The Cangrelor versus Standard Therapy to Achieve Optimal Management of Platelet Inhibition (CHAMPION PHOENIX) trial randomized 11,145 patients undergoing elective or urgent percutaneous coronary intervention to cangrelor or clopidogrel. The primary efficacy end point was the composite of death, myocardial infarction, ischemia-driven revascularization, or stent thrombosis at 48 hours; the key secondary end point was stent thrombosis at 48 hours. The primary safety end point was GUSTO severe bleeding at 48 hours. Of subjects analyzed, 3051 (28%) were female. Cangrelor reduced the odds of the primary end point by 35% in women (adjusted odds ratio [OR], 0.65; 95% confidence interval [CI], 0.48-0.89) and by 14% in men (OR, 0.86; 95% CI, 0.70-1.05; P interaction=0.23) compared with clopidogrel. Cangrelor reduced the odds of stent thrombosis by 61% in women (OR, 0.39; 95% CI, 0.20-0.77) and 16% in men (OR, 0.84; 95% CI, 0.53-1.33; P interaction=0.11). The odds of severe bleeding were similar in both women and men treated with cangrelor (0.3% versus 0.2%, P=0.30 [women]; 0.1% versus 0.1%, P=0.41 [men]; P interaction=0.88) versus clopidogrel. Cangrelor increased the odds of moderate bleeding in women (0.9% versus 0.3%, P=0.02), but not in men (0.2% versus 0.2%, P=0.68; P interaction=0.040). The net clinical benefit (primary efficacy and safety end point) favored cangrelor in both women (OR, 0.68; 95% CI, 0.50-0.92) and men (OR, 0.87; 95% CI, 0.71-1.06; P interaction=0.26).

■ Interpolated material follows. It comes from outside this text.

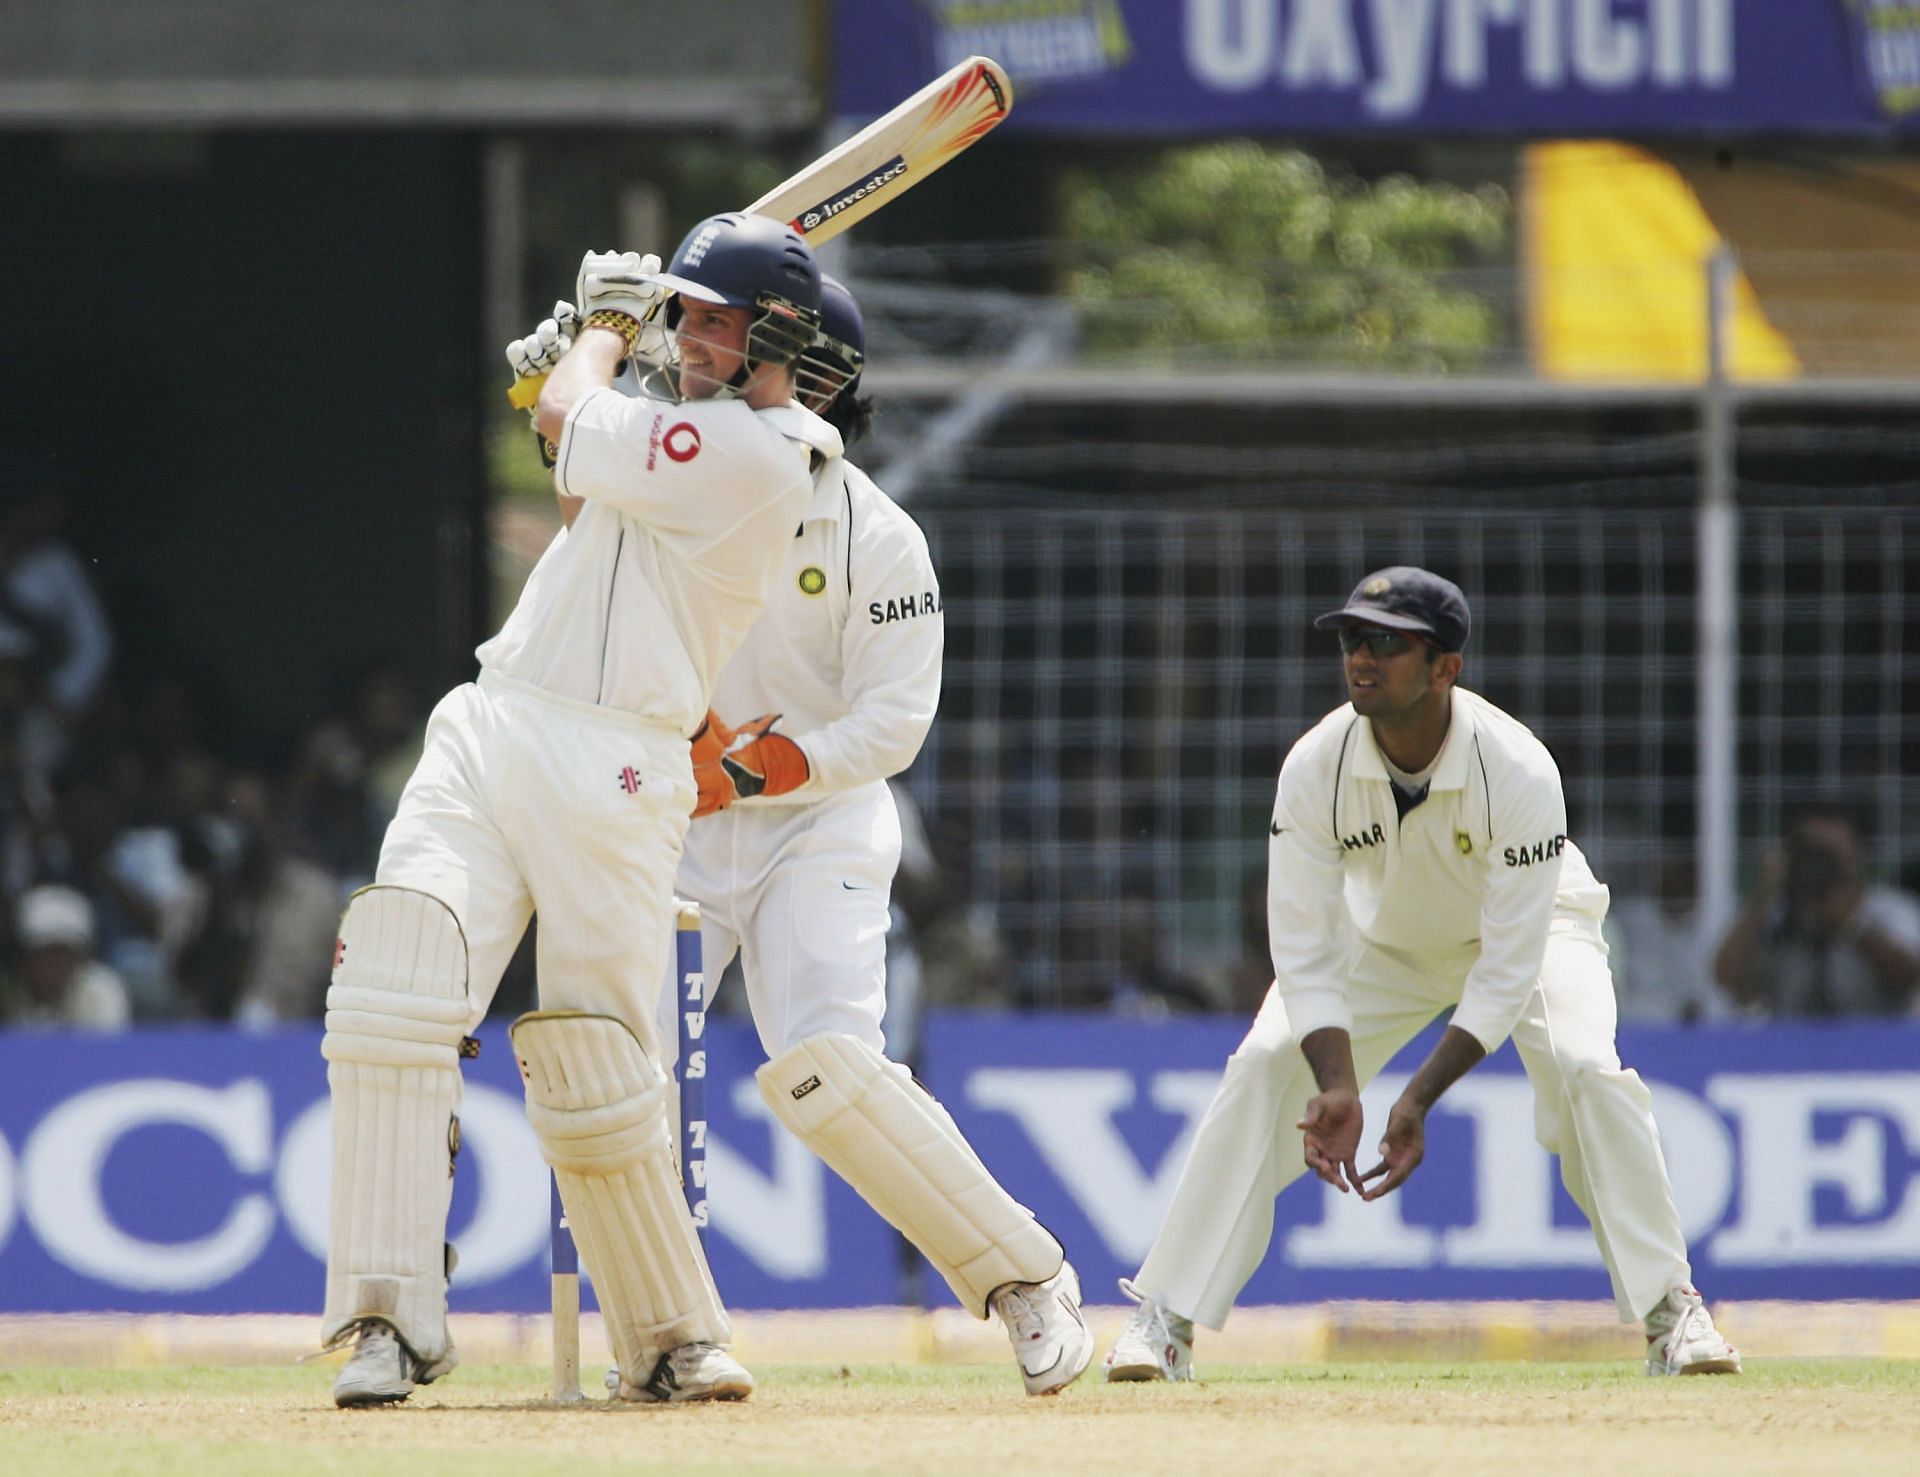 Andrew Strauss scored a brilliant 128 against India in Mumbai in 2006

In CHAMPION PHOENIX, cangrelor reduced the odds of major adverse cardiovascular events and stent thrombosis in women and men and appeared to offer greater net clinical benefit than clopidogrel.
URL: http://www.clinicaltrials.gov. Unique identifier: NCT01156571.
坎格雷洛是一种静脉注射的ADP受体拮抗剂,可有效且可逆地抑制血小板聚集。一些抗血小板药物在女性中的相对安全性和疗效一直存在争议。
坎格雷洛与标准疗法以实现血小板抑制的最佳管理(CHAMPION PHOENIX)试验将11145例接受择期或紧急经皮冠状动脉介入治疗的患者随机分为接受坎格雷洛或氯吡格雷治疗。主要疗效终点是48小时时死亡、心肌梗死、缺血驱动的血运重建或支架血栓形成的复合终点;关键次要终点是48小时时的支架血栓形成。主要安全终点是48小时时的GUSTO严重出血。在分析的受试者中,3051例(28%)为女性。与氯吡格雷相比,坎格雷洛使女性主要终点事件的发生率降低35%(调整后的优势比[OR]为0.65;95%置信区间[CI]为0.48 - 0.89),男性降低14%(OR为0.86;95%CI为0.70 - 1.05;P交互作用 = 0.23)。坎格雷洛使女性支架血栓形成的发生率降低61%(OR为0.39;95%CI为0.20 - 0.77),男性降低16%(OR为0.84;95%CI为0.53 - 1.33;P交互作用 = 0.11)。接受坎格雷洛治疗的女性和男性严重出血的发生率相似(0.3%对0.2%,P = 0.30[女性];0.1%对0.1%,P = 0.41[男性];P交互作用 = 0.88)与氯吡格雷相比。坎格雷洛增加了女性中度出血的发生率(0.9%对0.3%,P = 0.02),但男性未增加(0.2%对0.2%,P = 0.68;P交互作用 = 0.040)。净临床获益(主要疗效和安全终点)在女性(OR为0.68;95%CI为0.50 - 0.92)和男性(OR为0.87;95%CI为0.71 - 1.06;P交互作用 = 0.26)中均有利于坎格雷洛。
在CHAMPION PHOENIX试验中,坎格雷洛降低了女性和男性主要不良心血管事件和支架血栓形成的发生率,并且似乎比氯吡格雷提供了更大的净临床获益。